══ Given data
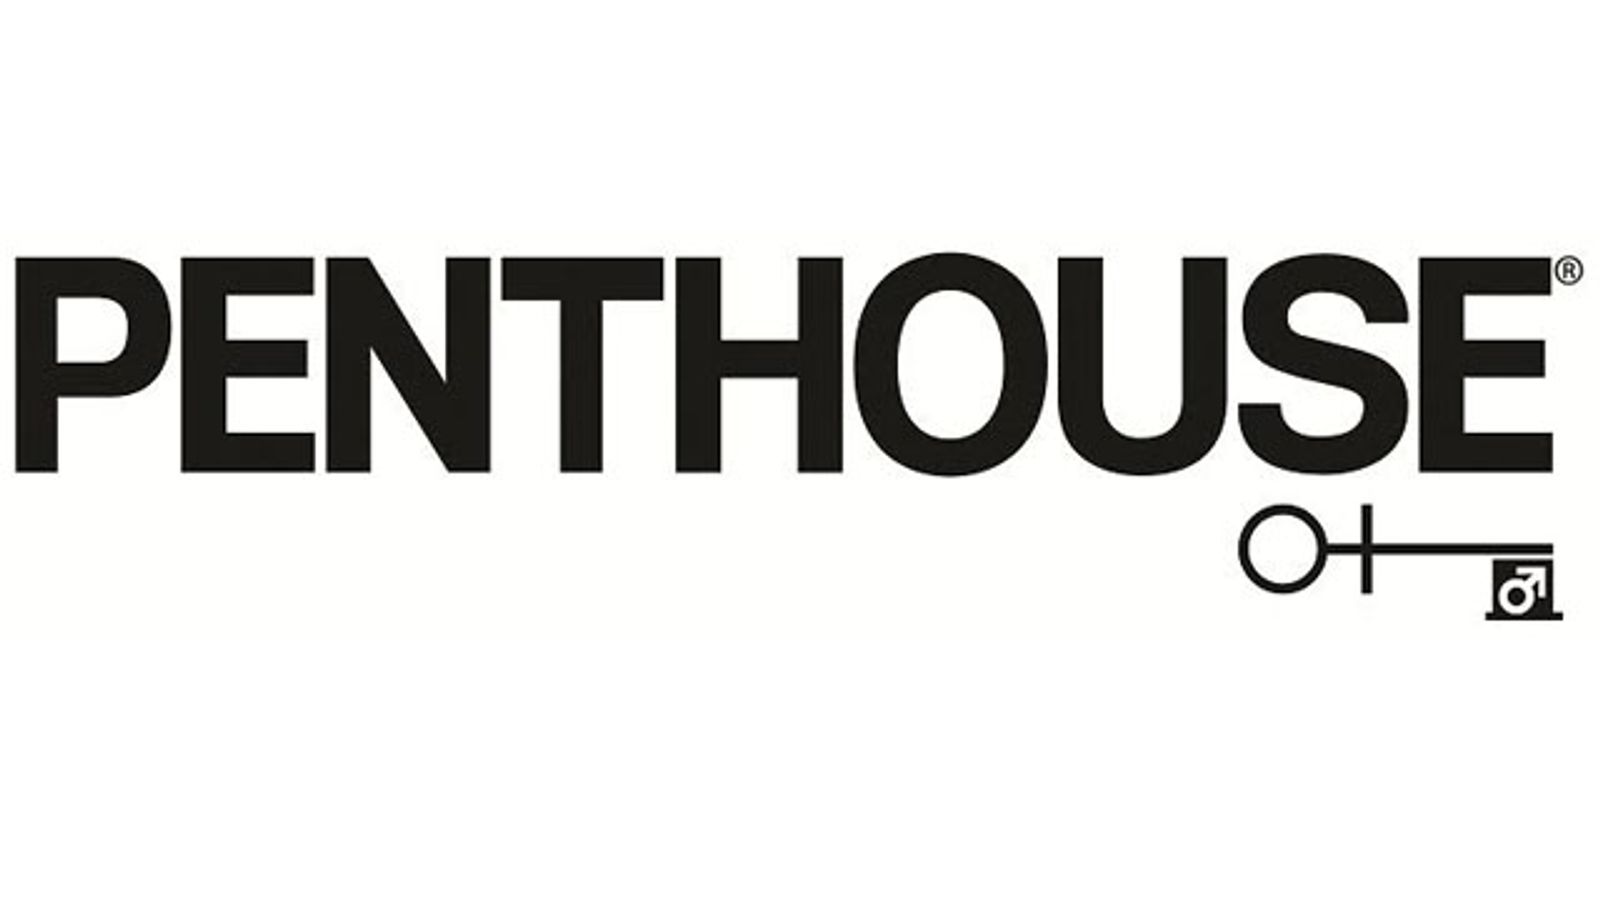 Penthouse Magazine Announces Plans For Magazine To Go Digital
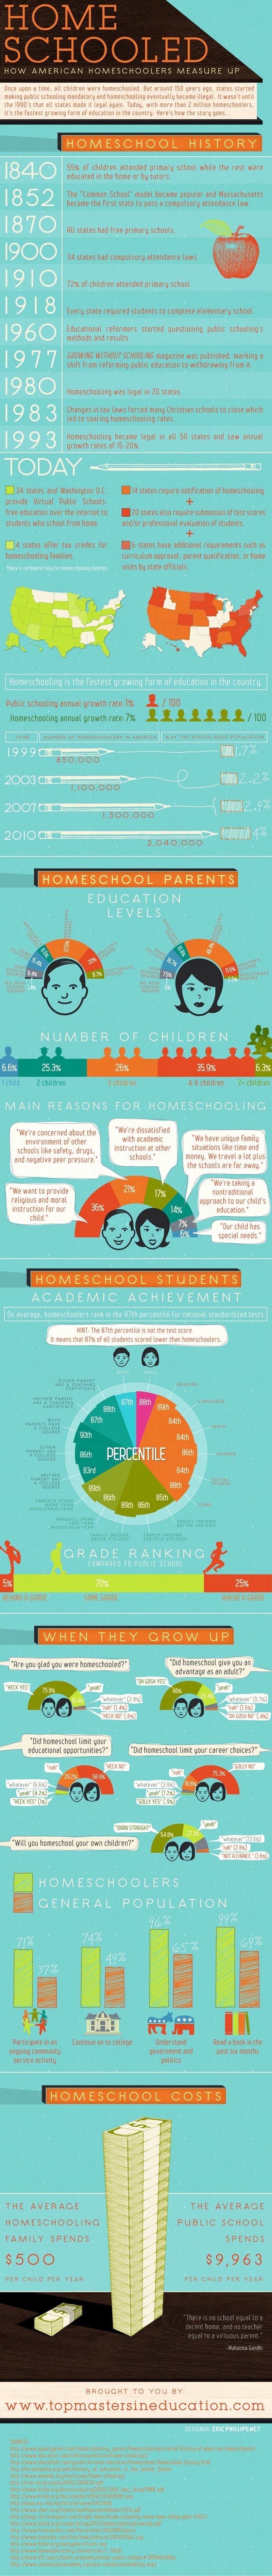 How do homeschoolers compare
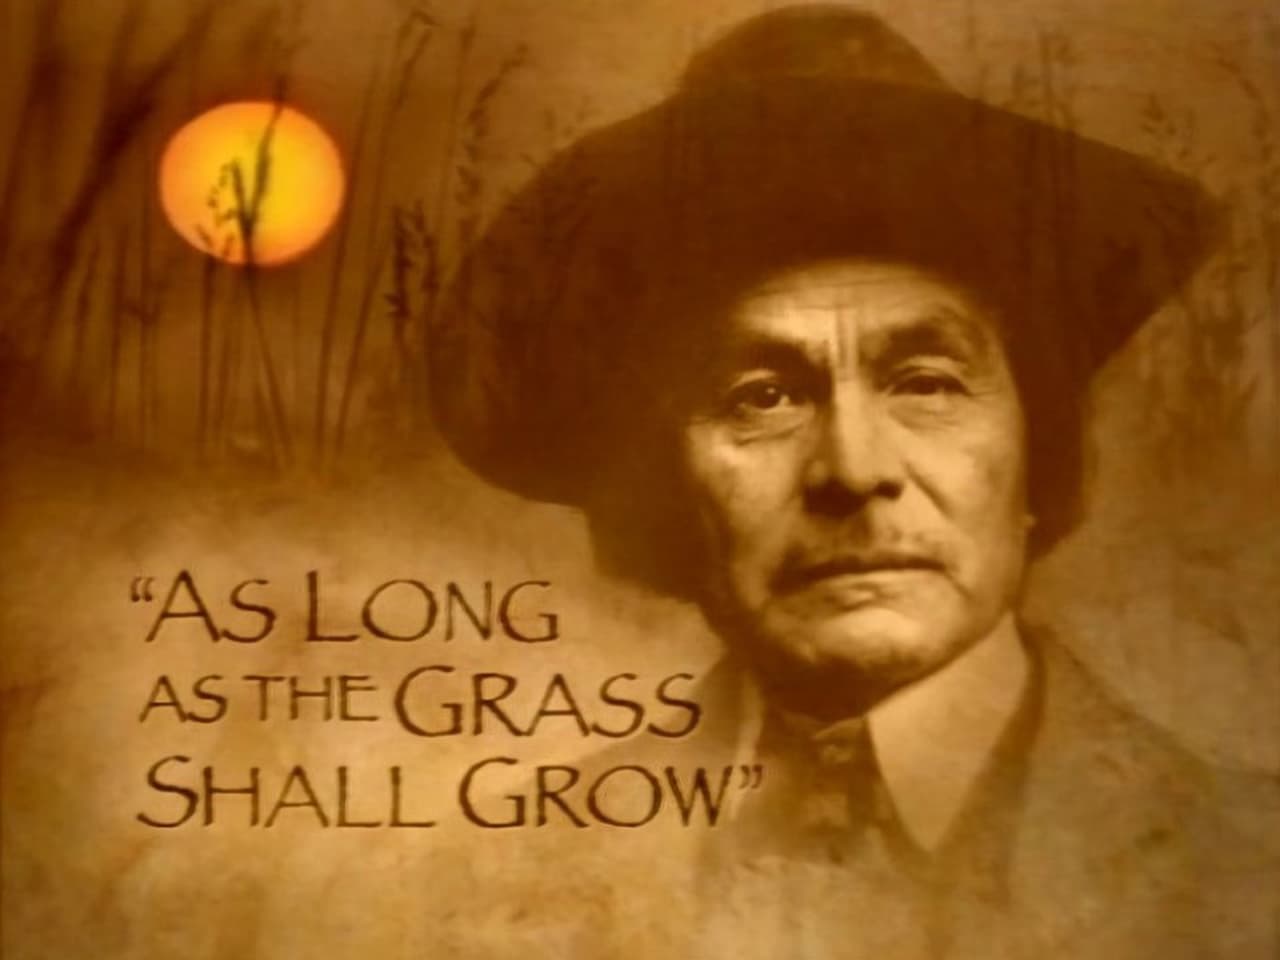 As Long As the Grass Shall Grow
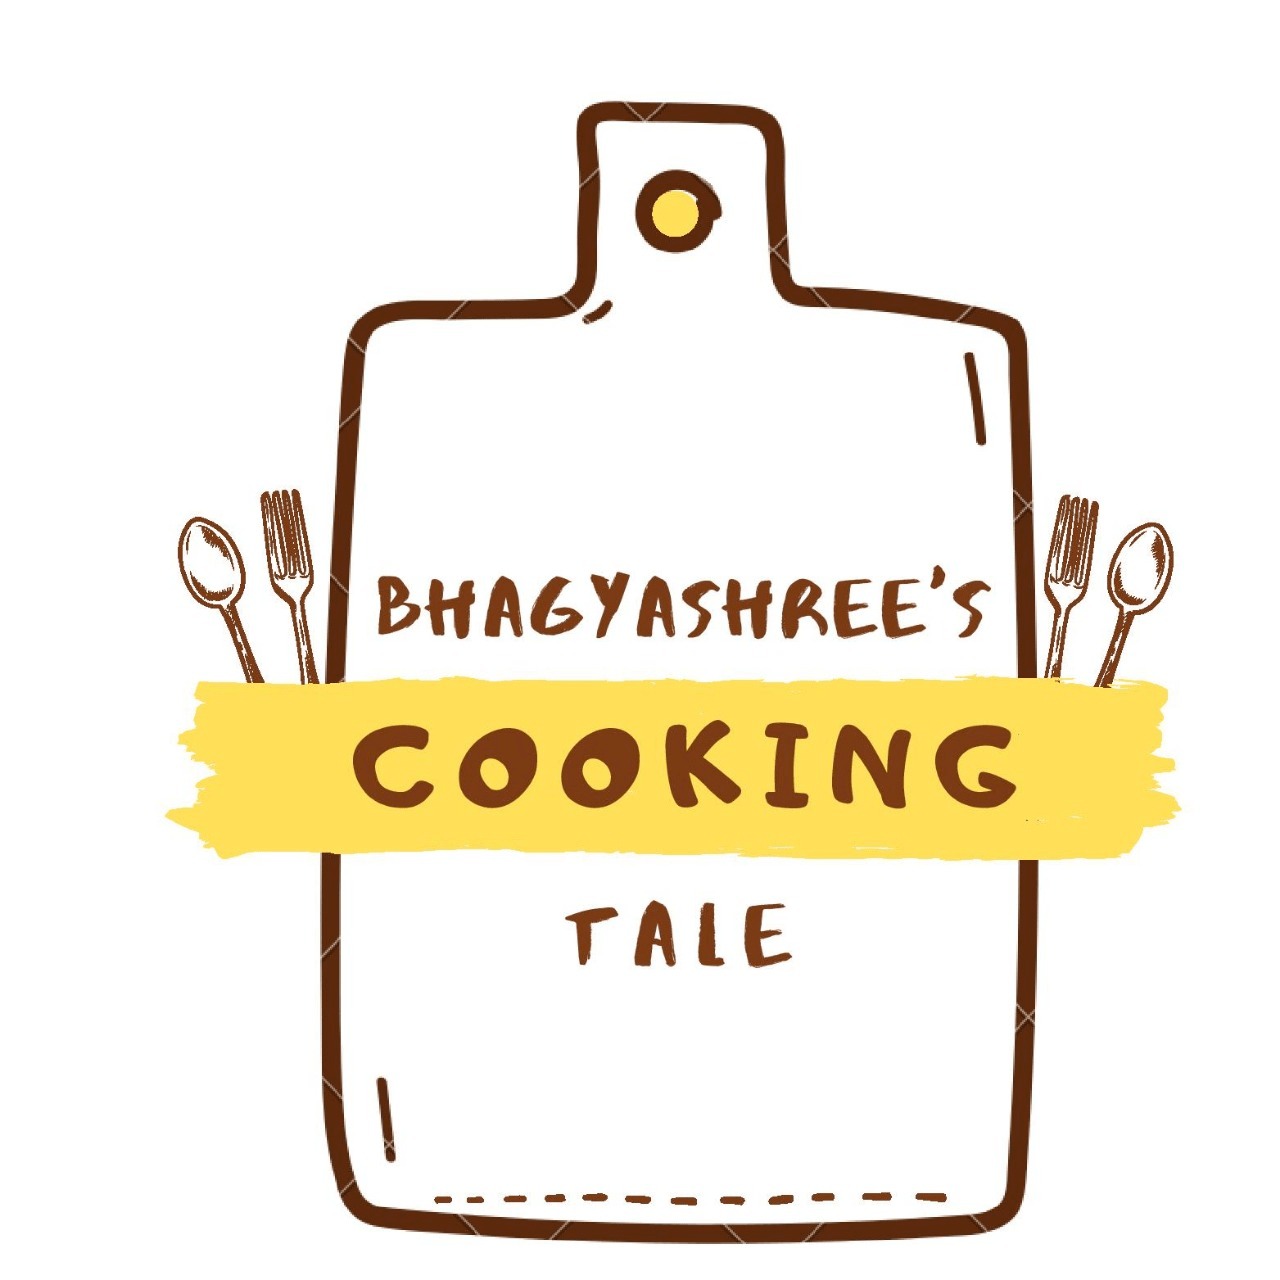 Bhagyashrees Cooking Tale
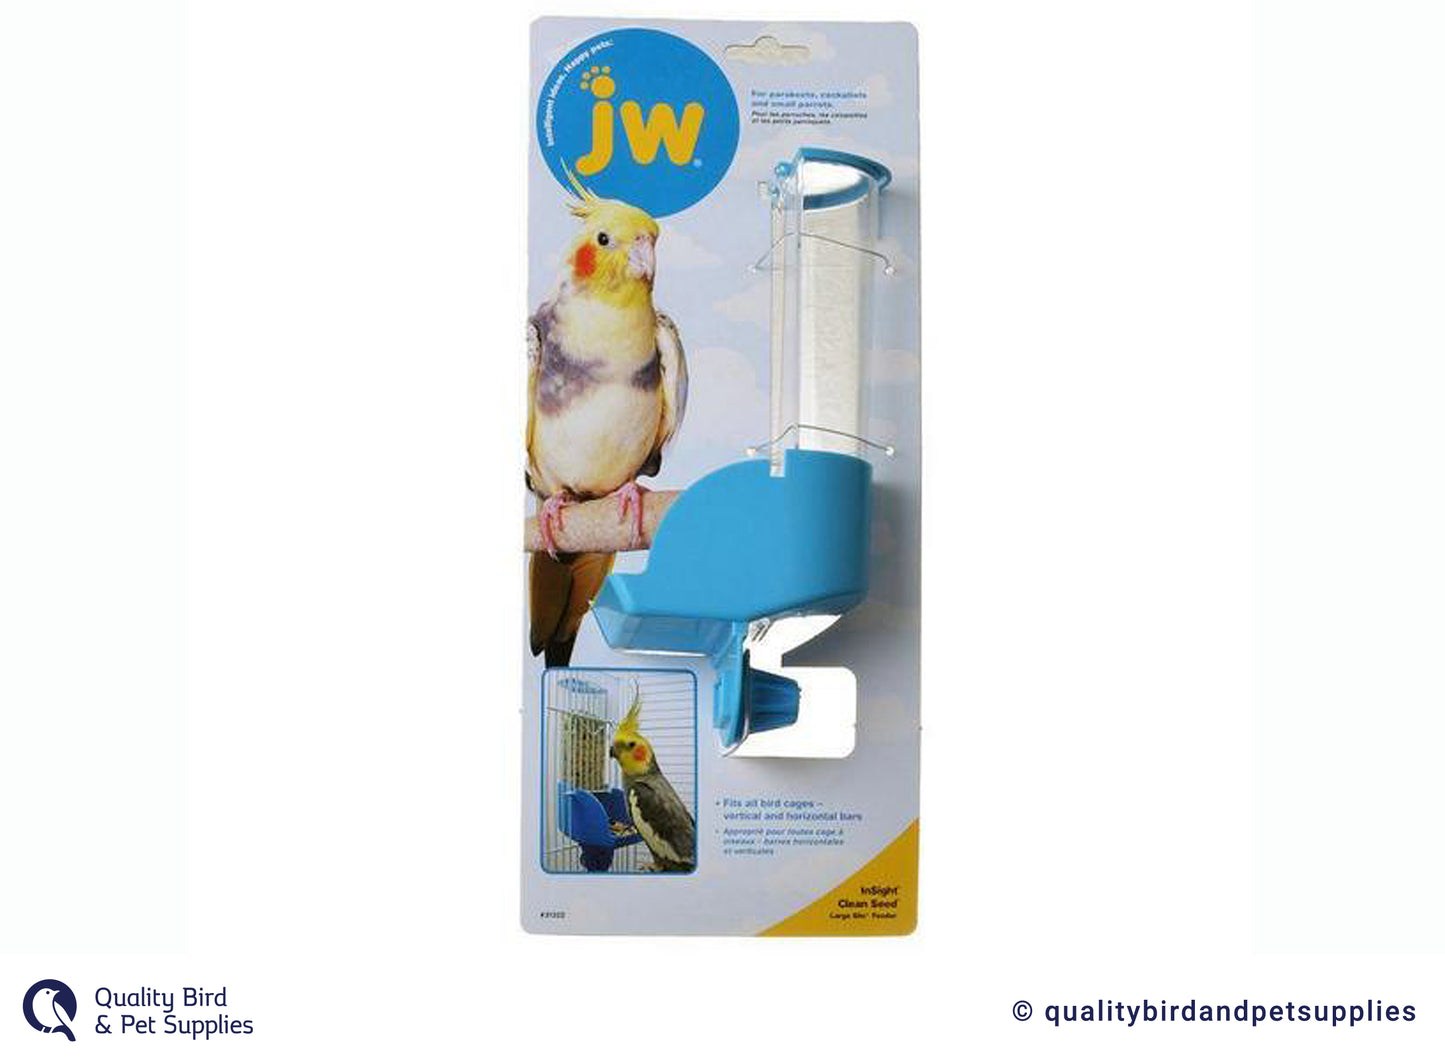 JW Insight Large Silo Bird Feeder
════
§ **Problem requirements**
Return the listing above unchanged, apart from dropping its pictures.

§ **Reply**
 Penthouse Magazine Announces Plans For Magazine To Go Digital
 How do homeschoolers compare
 As Long As the Grass Shall Grow
 Bhagyashrees Cooking Tale
 JW Insight Large Silo Bird Feeder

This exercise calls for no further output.